I would take out the 3 bulbs, just run the two bulb ballist. Really, the lights are for the plants, only, not the frogs. See where two lights get you. Also, lowes has these lights called "cool light" they are flourescents that don't produce heat. I use them on my tanks and don't have an issue.


----------



## Dendro Dave (Aug 2, 2005)

Ya something with a hose will work. Really you just need to be able to open it enough to get the nozzle in. Maybe an inch...and it doesn't have to be just a fine mist, you can adjust the nozzle to give you a stream or coarser spray to hit hard to reach places or whatever. Whats important is all that water will evaporate off leaves, the ground, rocks etc...etc... A fine mist may give you an instant burst of humidity sure, but its all that water that lands on stuff then slowly evaporates away that does most of the humidity work over the course of the day. Plus the water that is absorbed into the soil kinda recharges its moisture levels and that moist soil along with plant respiration is what takes care of most of the workload as far as keeping the humidity up through out the days, weeks, months, years. 

I find it hard to believe that your humidity is only 60% in a tank that is nearly sealed. I think there is a good chance your gauge is wrong. Also make sure you measure at frog level, which is right above the substrate, up to mid tank level. Temp and humdity at the top of the tank isn't as important as mid to floor level. 

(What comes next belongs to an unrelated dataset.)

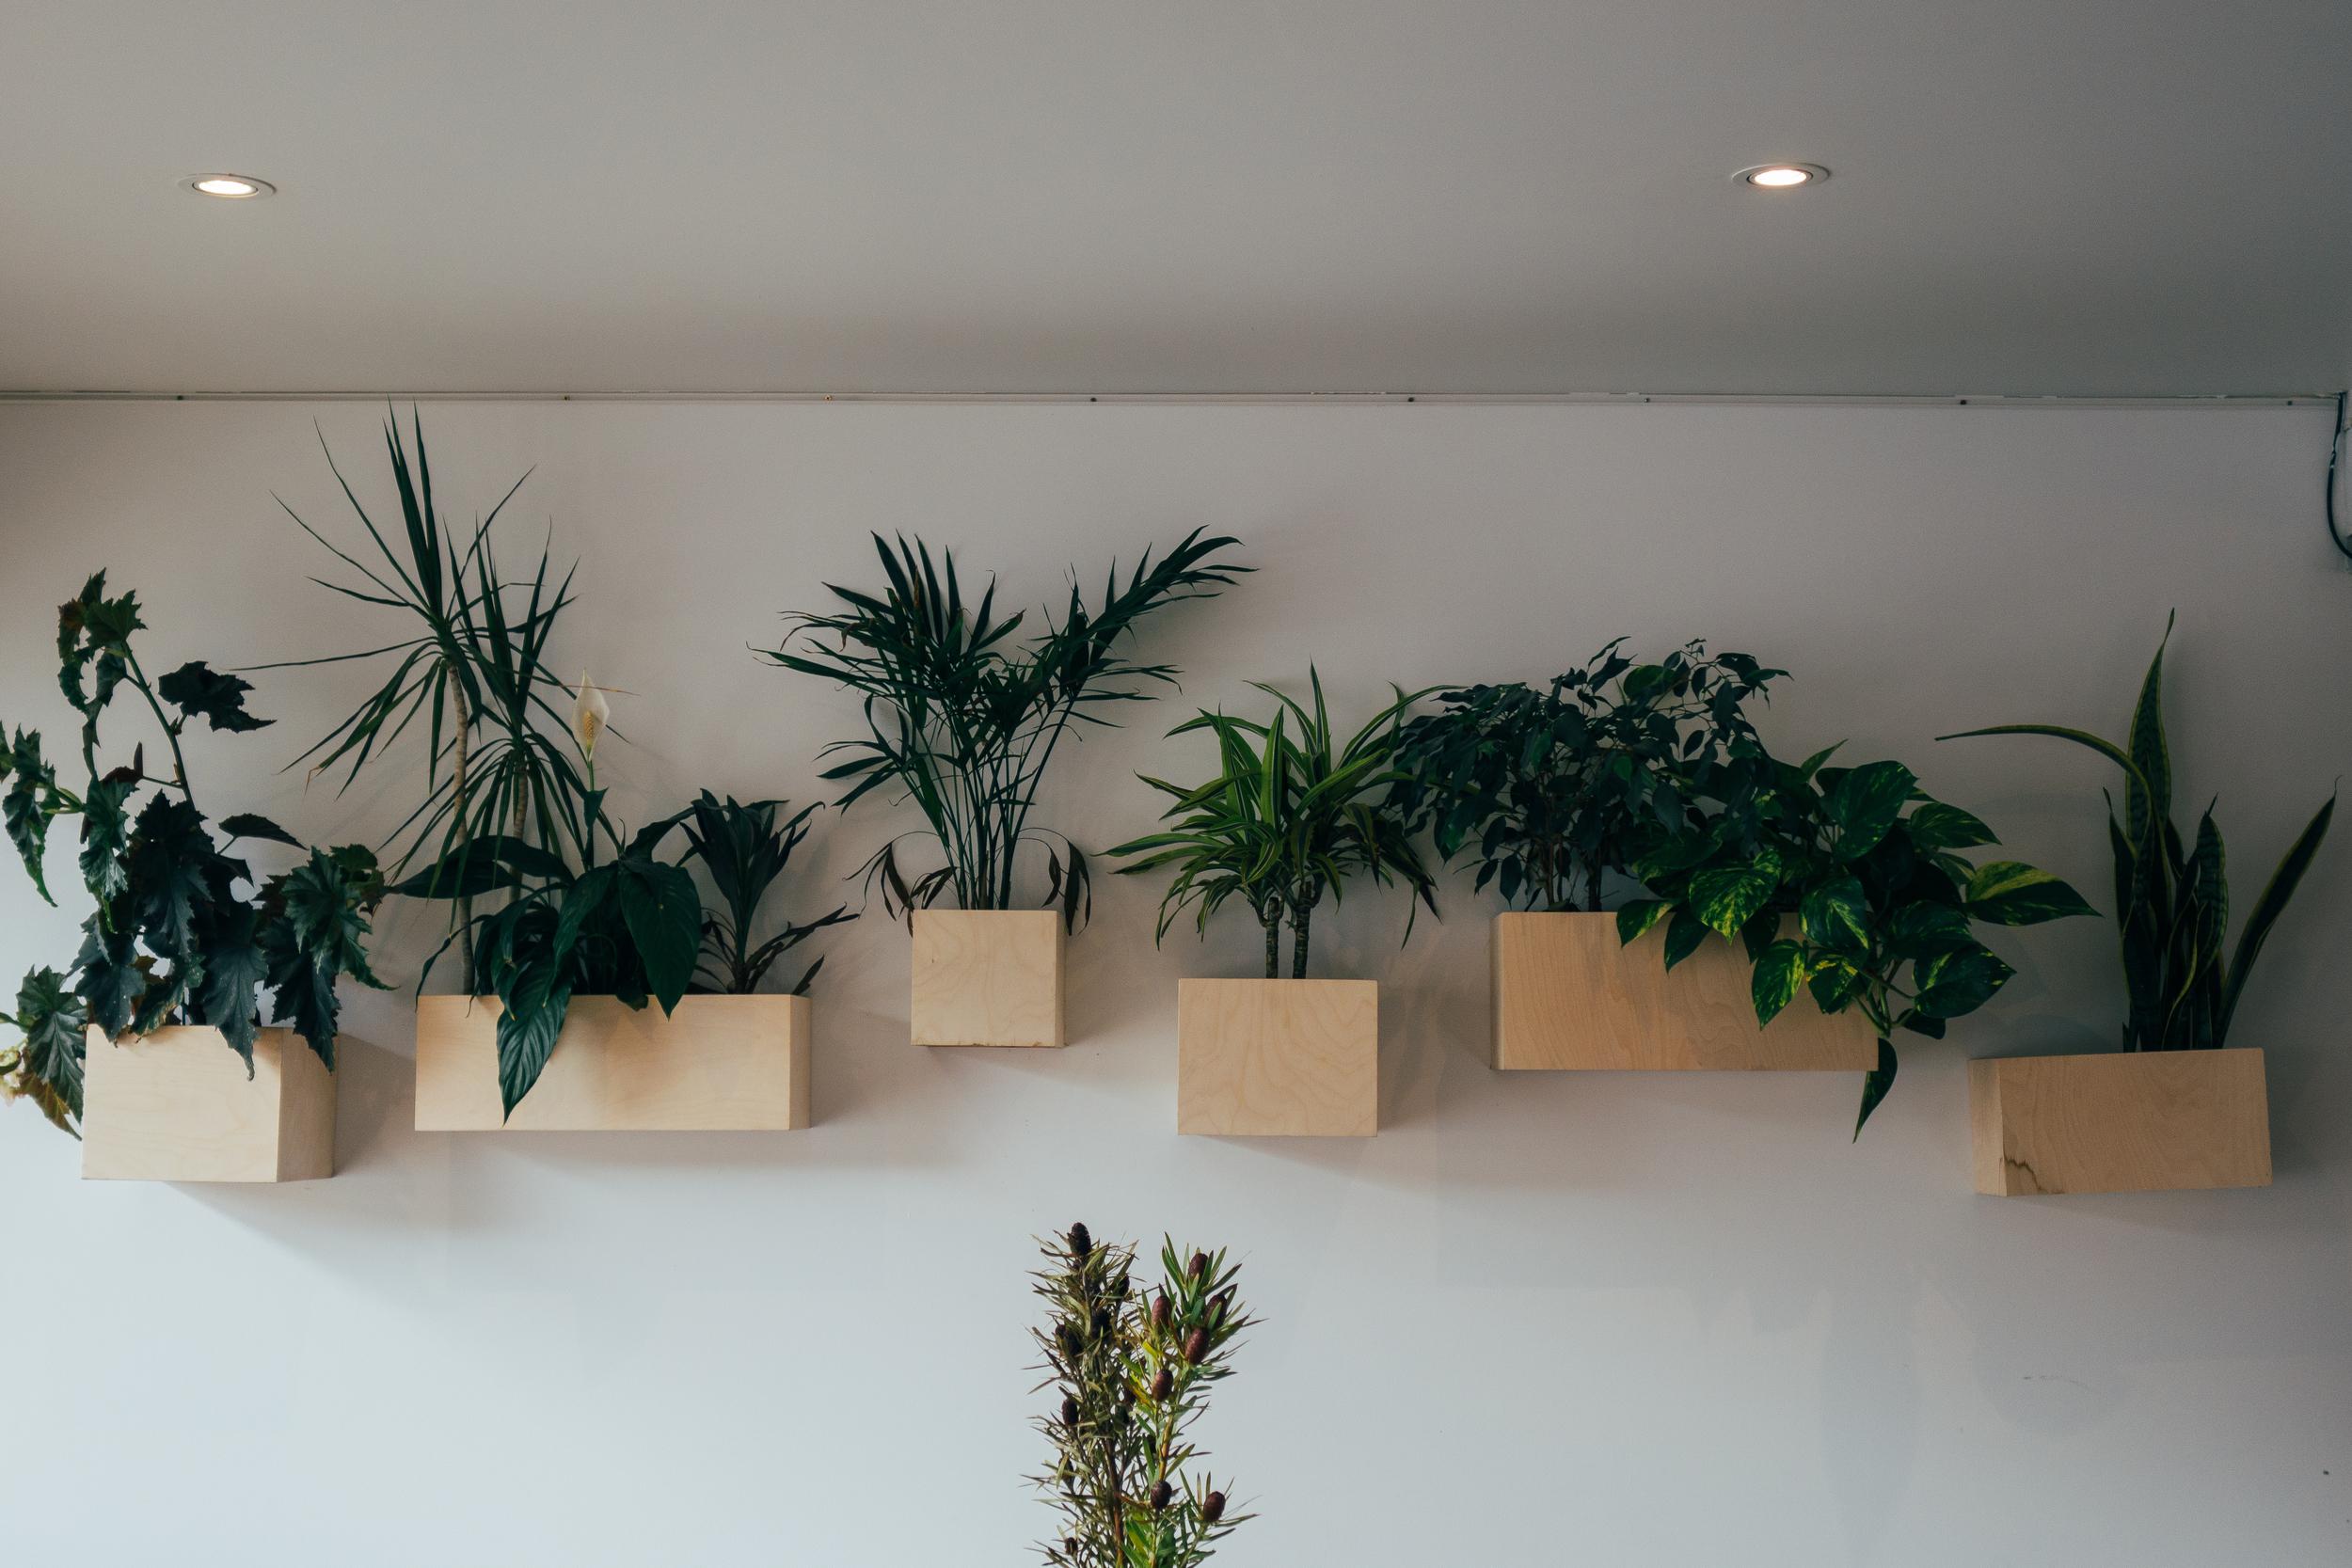 lucy lockett plants

If you heat a nearly sealed tank, like you are afraid the ballasts are doing, there is a good chance that would actually increase your humidity because its going to cause water to evaporate out of the soil faster and in a sealed tank with no place to go really it will just build till its basically 100%. Looking at that nearly sealed top and the way your viv is put together there is no way it isn't maintaining adequate humidity unless your soil is bone dry. That gauge has got to be off, or you'd have to have ventilations strips and be running fans over that tank, which you don't have so it is basically impossible from what I see assuming the substrate is moist, and 1 or 2 good long mistings should handle that.


----------



## myersboy6 (Aug 23, 2010)

I know the lights are for the plants and i would like good growth. i really just need moderate light for the types of moss i am growing in the tank right now. 

Dave, Thats kind of what i was think. I thought my gauges might be off and there probably in the wrong spot being at the top of the tank. My frogs seem fine to they are out an about and everything so they seem okay with the way it is. It seems like anyways.

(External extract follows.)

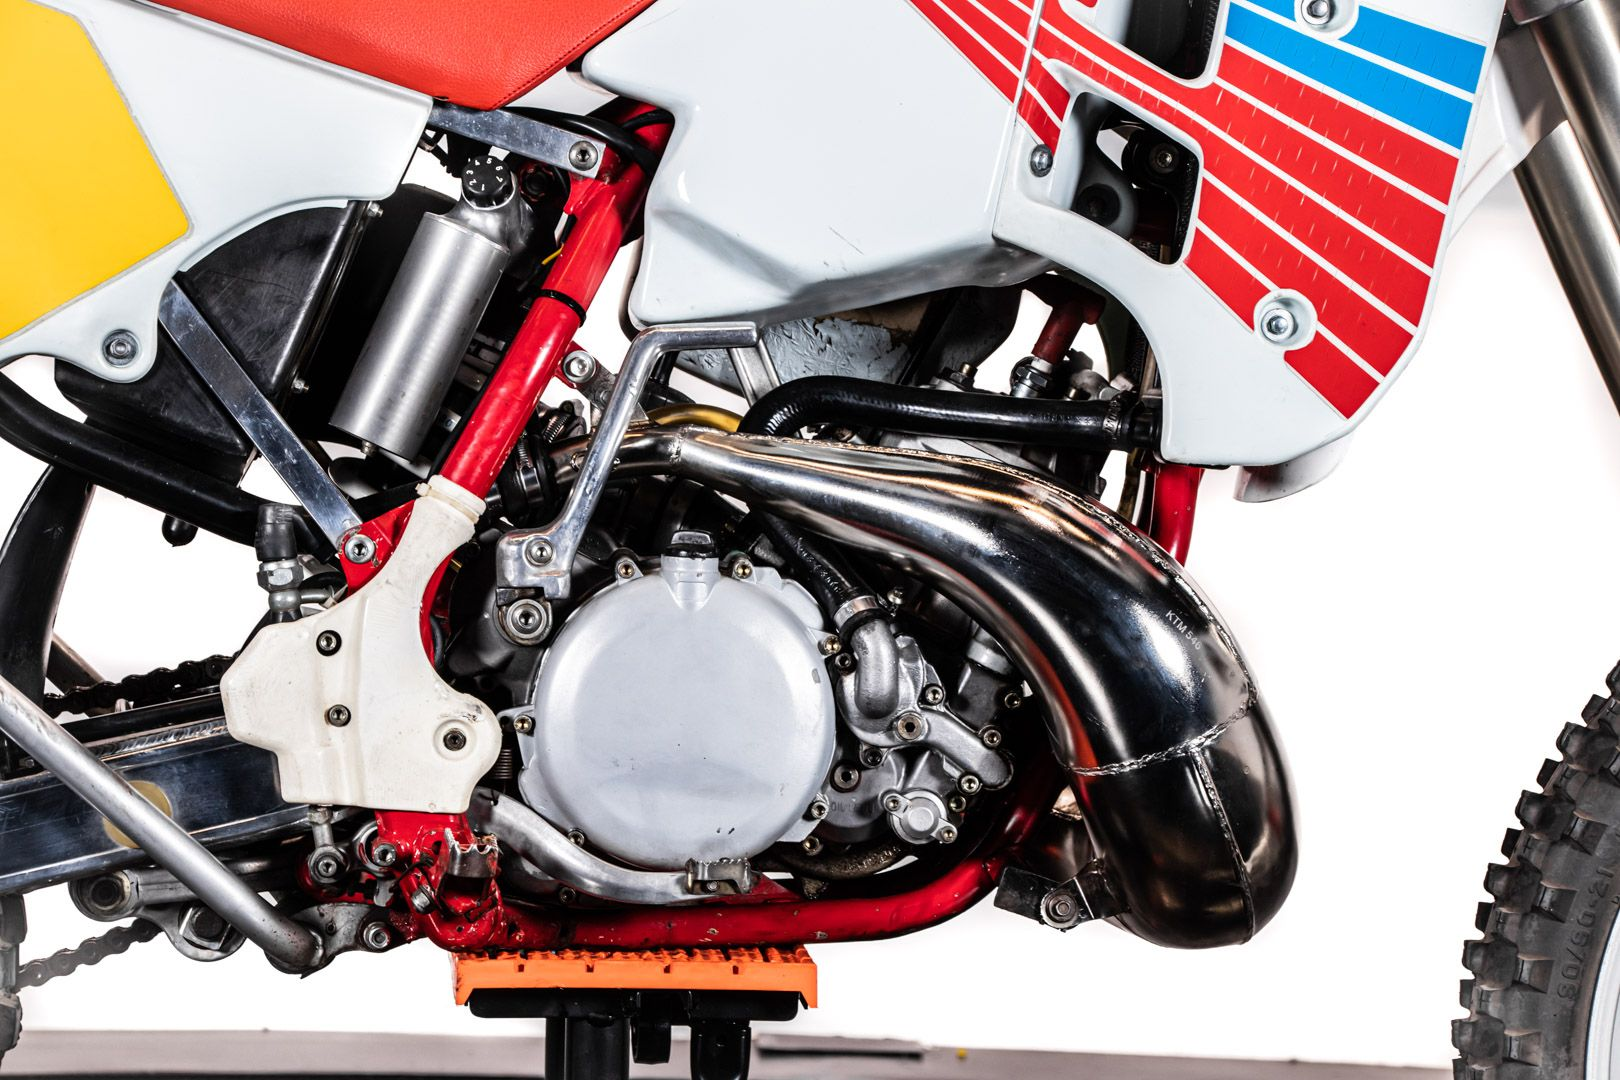 1991 KTM GS 250 82484

So would one of those bug/fertilizer sprayers work for misting then? Cuz my dad has 5 of them i think. haha i think all add a vent whole were i can place a fan that will blow through the hole through out the day on a timer to have fresh air through out the tank. If the bug sprayer works all probably try to figure out a way to rig it up so i can have the nozzle always in the tank and all i have to do is manual spray it from the bottle each day. 

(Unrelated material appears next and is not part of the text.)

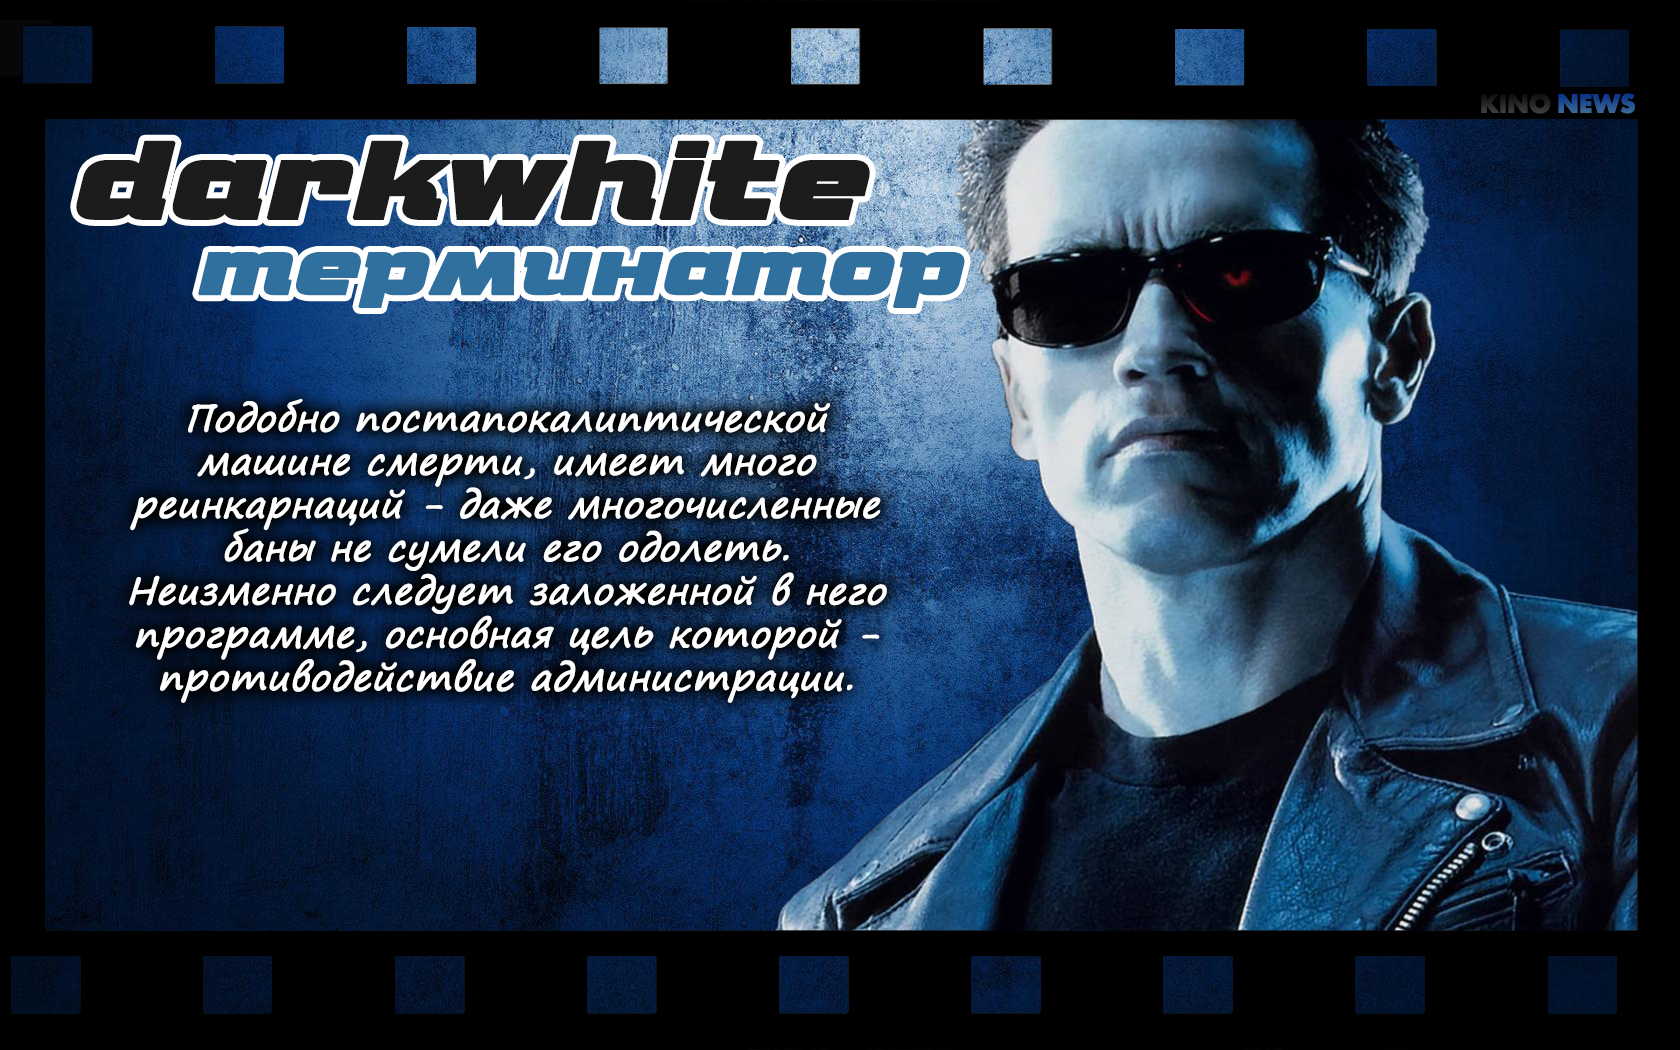 https://www.kinonews.ru/insimgs/2017/persimg/persimg77944_34.jpg

Thank you all for the input! Helped out a lot!


----------



## Dendro Dave (Aug 2, 2005)

myersboy6 said:


> I know the lights are for the plants and i would like good growth. i really just need moderate light for the types of moss i am growing in the tank right now.
> 
> Dave, Thats kind of what i was think. I thought my gauges might be off and there probably in the wrong spot being at the top of the tank. My frogs seem fine to they are out an about and everything so they seem okay with the way it is. It seems like anyways.
> 
> ...


That should work, just be extremely careful to wash it out really well. Even small amounts of left over poisons or chemicals could impact the frog or at least eggs/tads


----------



## myersboy6 (Aug 23, 2010)

yeah i went out to the garage and found one. i have it sitting with hot water and soap in it. let it sit over night and then wash it out a bunch of times to make sure and then let it dry out completely before filling it up with water again.


----------



## skylsdale (Sep 16, 2007)

People seem to be thinking that air circulation and ventilation are the same thing: they're not. Lifting the lid and letting in new air, having gaps that allow in/out air, etc. is ventilation...not the same as air circulation. Air circulation refers to movement in the air column within the enclosure.

I would say that air circulation is beneficial and more important than we most likely realize, and for some species could be pretty critical, especially for some that may come from damp areas and don't appear to have the egg-wetting behaviors that others do...so you need to maintain a high humidity environment without it getting too soggy and stale. So air circulation within an enclosed humid environment would be very beneficial to allow the eggs to survive...whereas ventilation in such a situation would cause mass after mass of lost eggs.

Ventilation can also cause frogs to act unnaturally by creating periods of too low humidity and encouraging reclusive behaviour as they attempt to find humid microclimates under leaf litter, etc. Having a variety of microclimates is important, but extremes can be unhealthy.


----------



## Dendro Dave (Aug 2, 2005)

skylsdale said:


> People seem to be thinking that air circulation and ventilation are the same thing: they're not. Lifting the lid and letting in new air, having gaps that allow in/out air, etc. is ventilation...not the same as air circulation. Air circulation refers to movement in the air column within the enclosure.
> 
> I would say that air circulation is beneficial and more important than we most likely realize, and for some species could be pretty critical, especially for some that may come from damp areas and don't appear to have the egg-wetting behaviors that others do...so you need to maintain a high humidity environment without it getting too soggy and stale. So air circulation within an enclosed humid environment would be very beneficial to allow the eggs to survive...whereas ventilation in such a situation would cause mass after mass of lost eggs.
> 
> Ventilation can also cause frogs to act unnaturally by creating periods of too low humidity and encouraging reclusive behaviour as they attempt to find humid microclimates under leaf litter, etc. Having a variety of microclimates is important, but extremes can be unhealthy.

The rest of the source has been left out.